■ Problem description
Restate every record that follows, keeping it exact.

■ Record excerpts
—————

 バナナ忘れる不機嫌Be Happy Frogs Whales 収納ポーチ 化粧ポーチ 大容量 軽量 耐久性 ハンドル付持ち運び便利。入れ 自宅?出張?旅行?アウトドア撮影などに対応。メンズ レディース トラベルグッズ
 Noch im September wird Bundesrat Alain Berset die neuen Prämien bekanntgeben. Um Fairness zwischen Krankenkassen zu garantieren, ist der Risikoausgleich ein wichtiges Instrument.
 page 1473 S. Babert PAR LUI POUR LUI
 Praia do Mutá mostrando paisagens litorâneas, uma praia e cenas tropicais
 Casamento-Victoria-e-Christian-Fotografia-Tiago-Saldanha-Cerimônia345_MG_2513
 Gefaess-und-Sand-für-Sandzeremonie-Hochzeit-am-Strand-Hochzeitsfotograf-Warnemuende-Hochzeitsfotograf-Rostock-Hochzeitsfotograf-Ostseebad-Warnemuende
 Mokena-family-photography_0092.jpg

—————

■ Final answer
 バナナ忘れる不機嫌Be Happy Frogs Whales 収納ポーチ 化粧ポーチ 大容量 軽量 耐久性 ハンドル付持ち運び便利。入れ 自宅?出張?旅行?アウトドア撮影などに対応。メンズ レディース トラベルグッズ
 Noch im September wird Bundesrat Alain Berset die neuen Prämien bekanntgeben. Um Fairness zwischen Krankenkassen zu garantieren, ist der Risikoausgleich ein wichtiges Instrument.
 page 1473 S. Babert PAR LUI POUR LUI
 Praia do Mutá mostrando paisagens litorâneas, uma praia e cenas tropicais
 Casamento-Victoria-e-Christian-Fotografia-Tiago-Saldanha-Cerimônia345_MG_2513
 Gefaess-und-Sand-für-Sandzeremonie-Hochzeit-am-Strand-Hochzeitsfotograf-Warnemuende-Hochzeitsfotograf-Rostock-Hochzeitsfotograf-Ostseebad-Warnemuende
 Mokena-family-photography_0092.jpg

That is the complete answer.